‘I’m tired of this back-slappin’ “isn’t humanity neat” bullshit. We’re a virus with shoes.’ ~ Bill Hicks
brief ode to the new forever times
It often feels like we’re in the winter of humanity: unconsciously consuming ourselves into nihility in the pursuit of something unimaginatively meaningless – like a bad dream. Blake’s Dark Satanic Mills, in all their destruction of nature and human relationships, have simply been replaced by server farms and data centres. The hegemonic views of tech-oligarchs in cahoots with government, intelligence and the Military Industrial Complex, not to mention the depressingly limited notion of consciousness expressed by leading scientists when conversing with AI, fills me with utter despair.
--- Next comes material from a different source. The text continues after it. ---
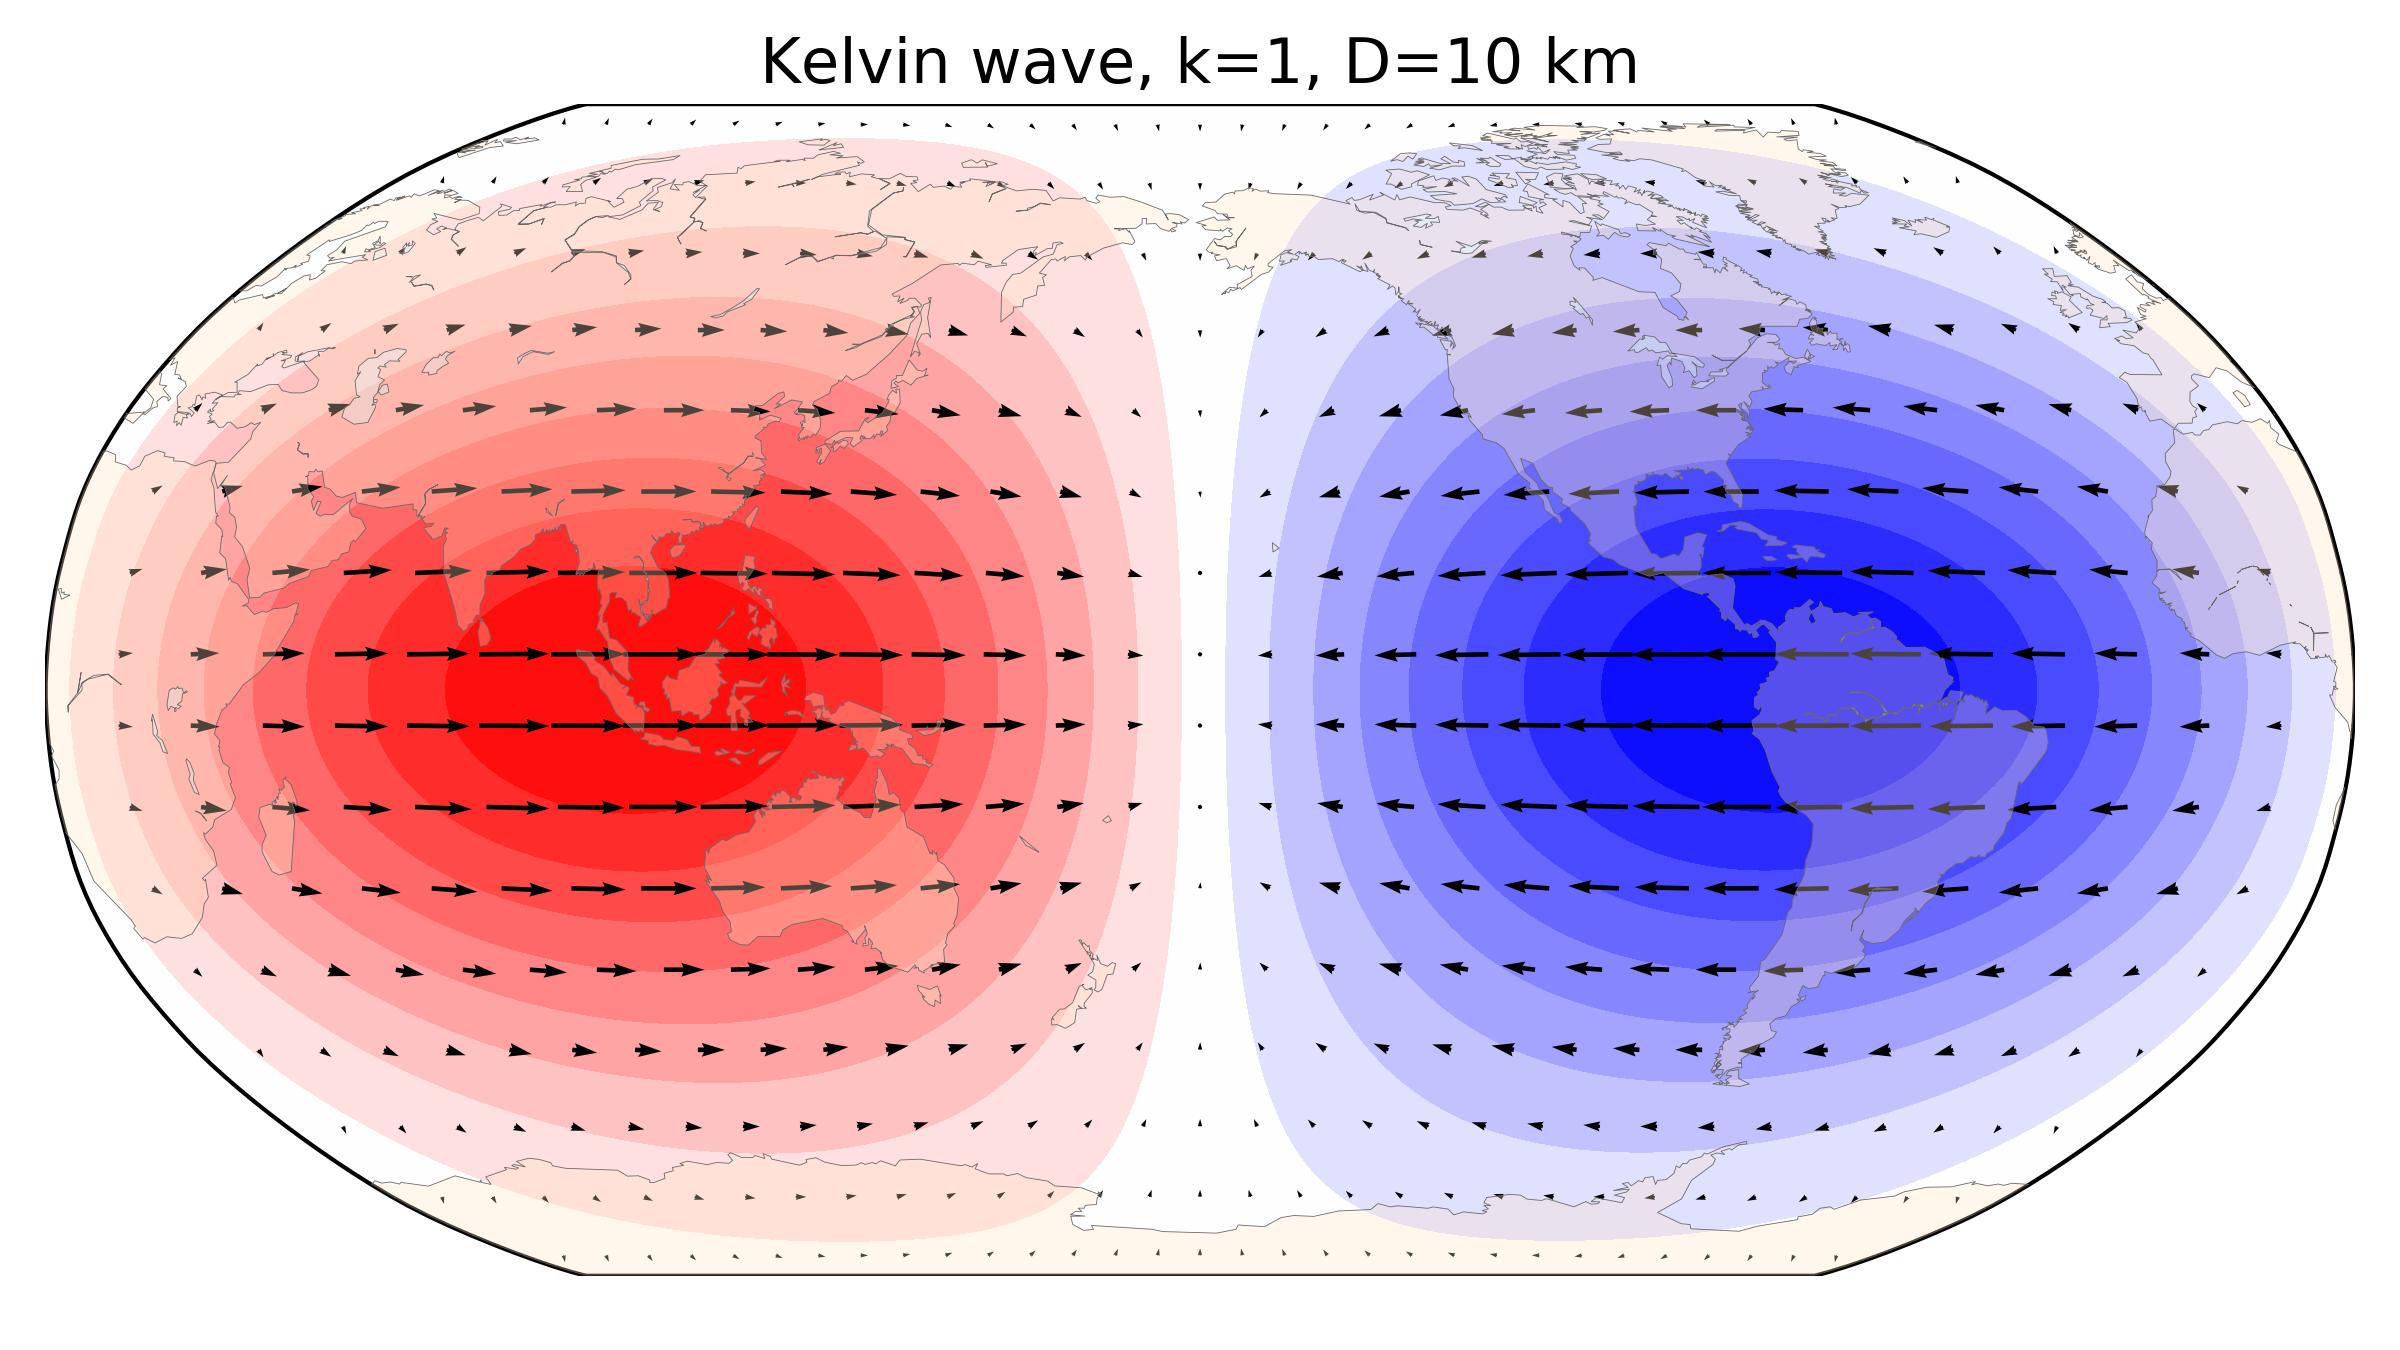 HoughHarmonic_Kelvin_k1_D10km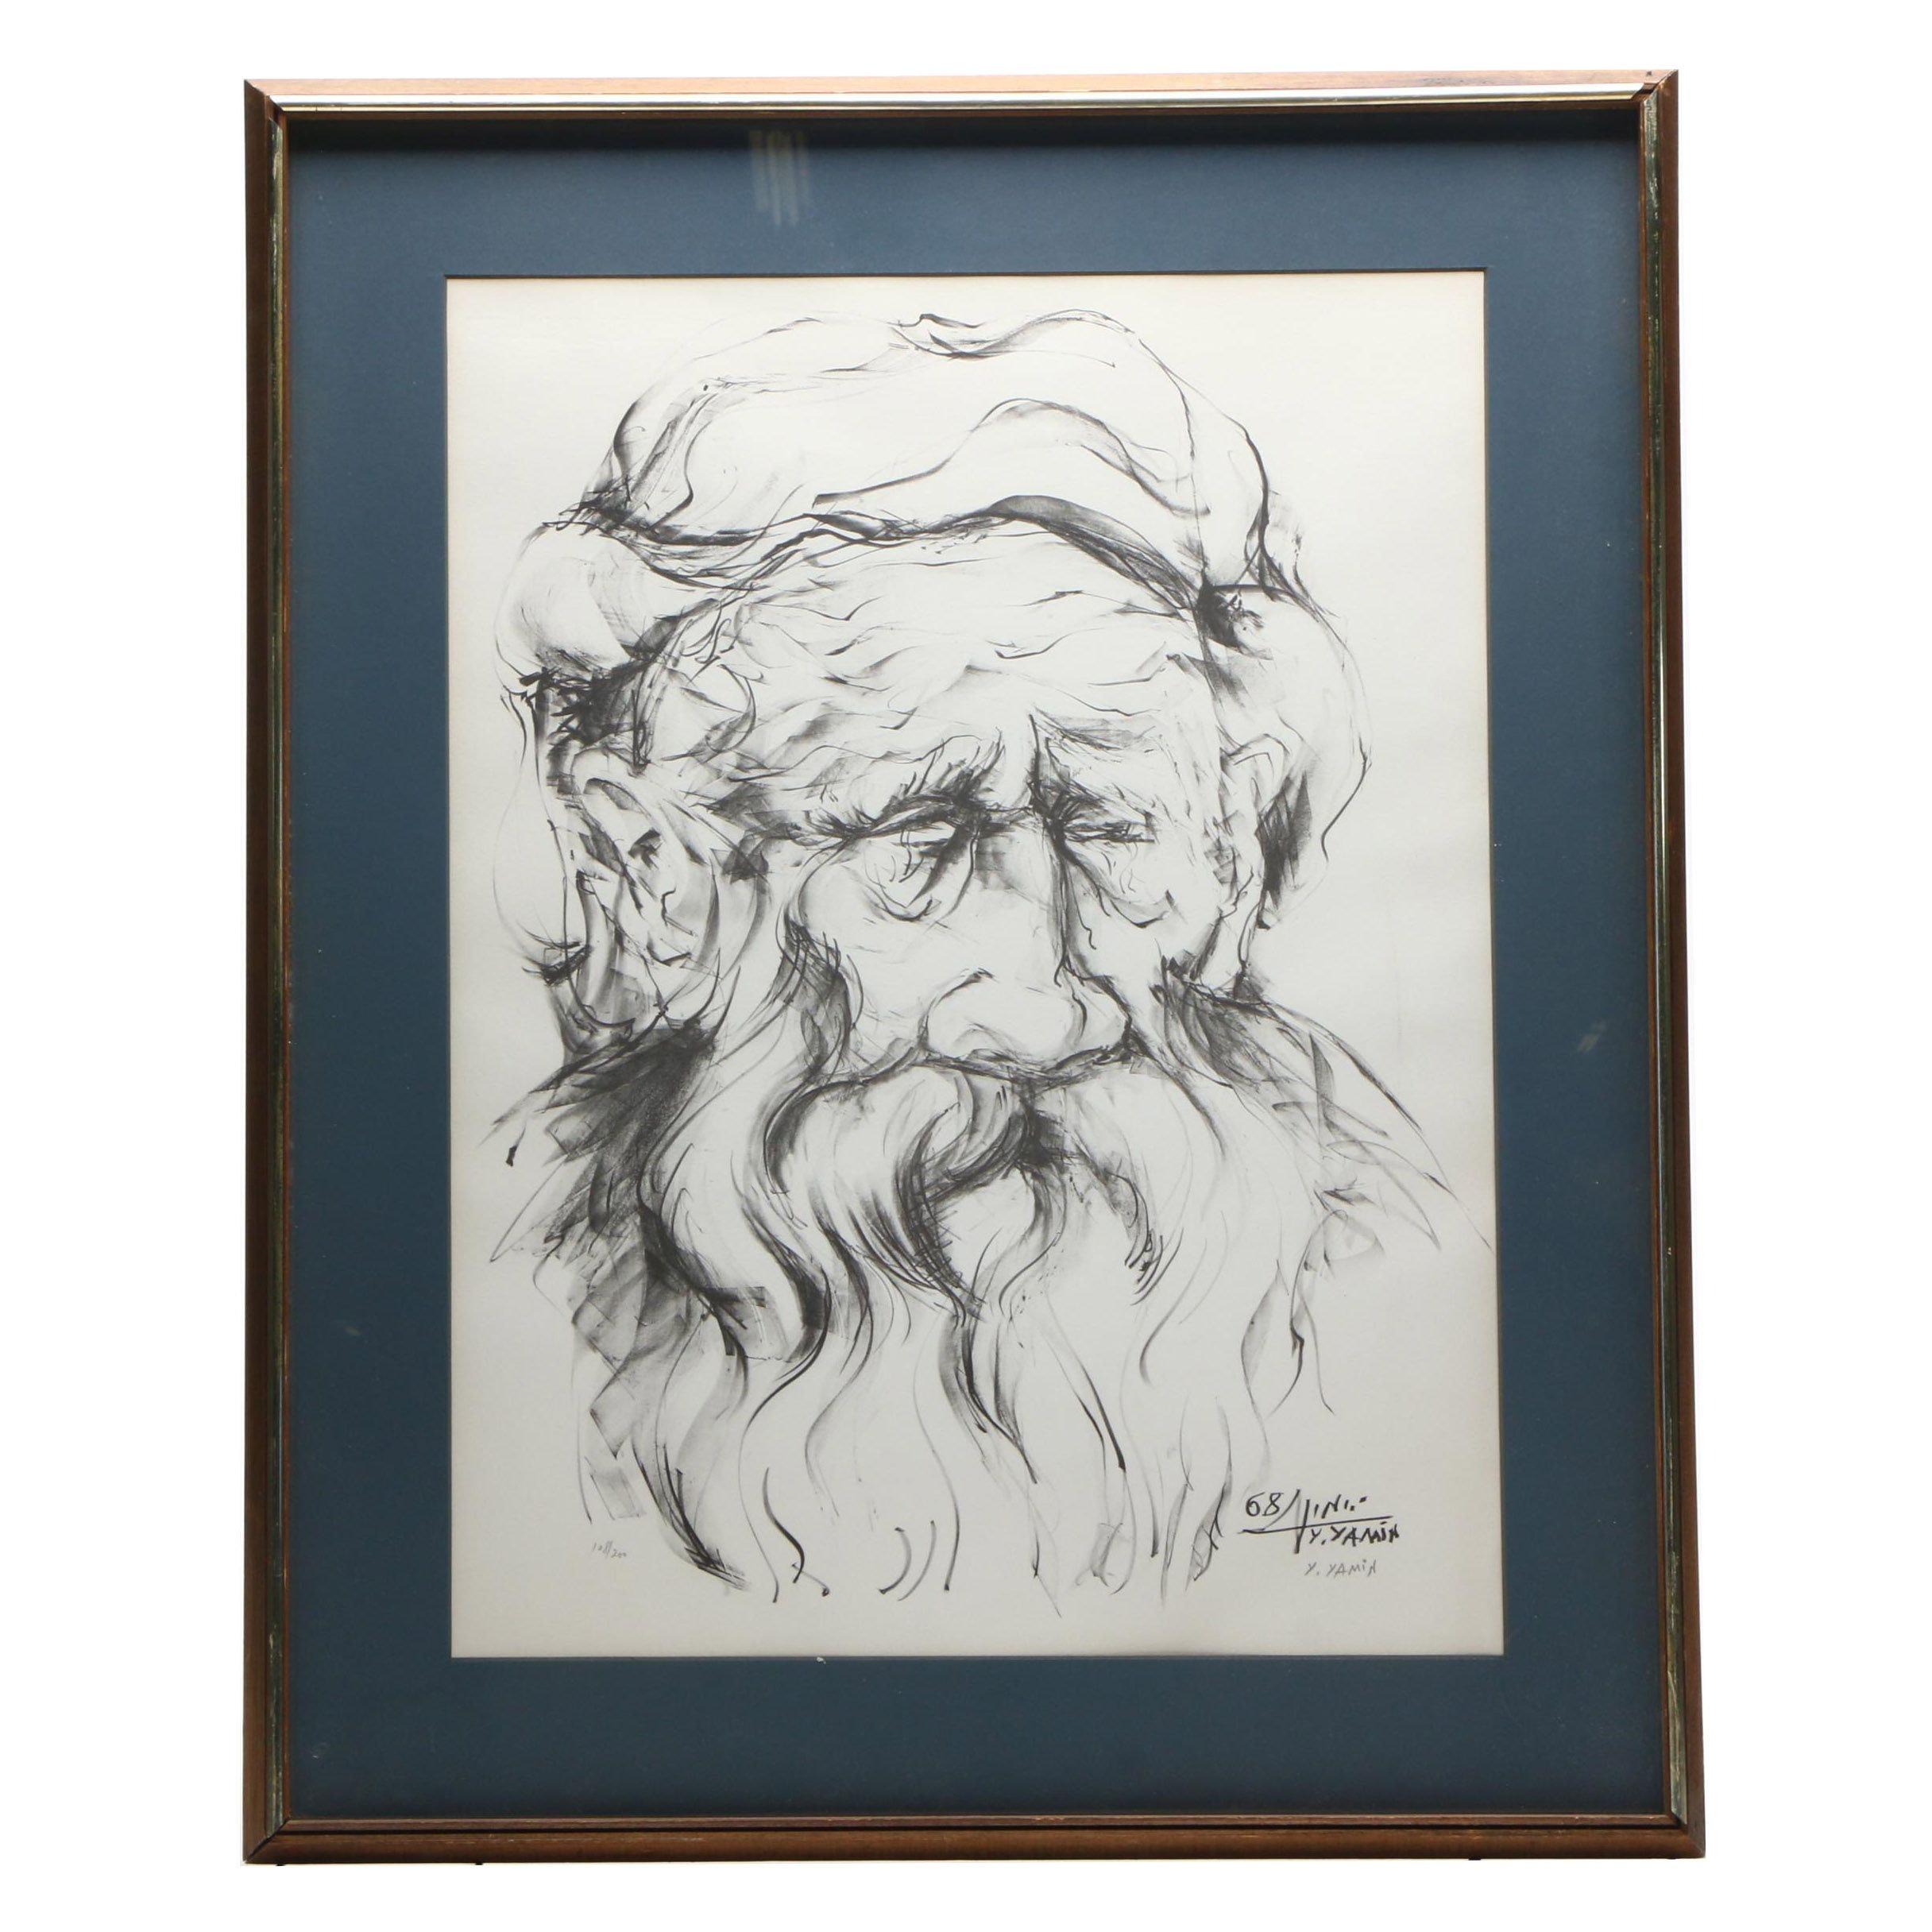 Yitzhak Yamin Limited Edition Lithograph on Paper

I feel an intense melancholy towards the horror of it all to the point that I just don’t want to be in this world anymore. Nuclear weapons were a game-changer for humanity: the pointless destruction of Earth now lies at the touch of a button, its widespread proliferation supposedly a means to check man’s darker impulses towards self-annihilation… though for how long? Similarly, Big Tech, in all its hyperreal nihilism and mind-numbing homogenisation, has ensured philistine nerds have become the main drivers of a uniformly beige and atomised culture. Where man destroys, art creates; man disconnects, art reconnects. And so, what of the arts amid all this? It appears to have retreated into an institutionalised bubble, hunkered down in an Americanised ‘politicisation of everything’, populated by the privately educated committed to vapid, omnicause activism. There doesn’t seem to be much in the way of ‘art’. Is it possible to transcend this? Or have we gone too far down the rabbit hole into a linear society perpetually fragmented and controlled by soft totalitarianism? Have we become an era devoid of cycles and frontiers? Is there anywhere with a genuinely bohemian spirit?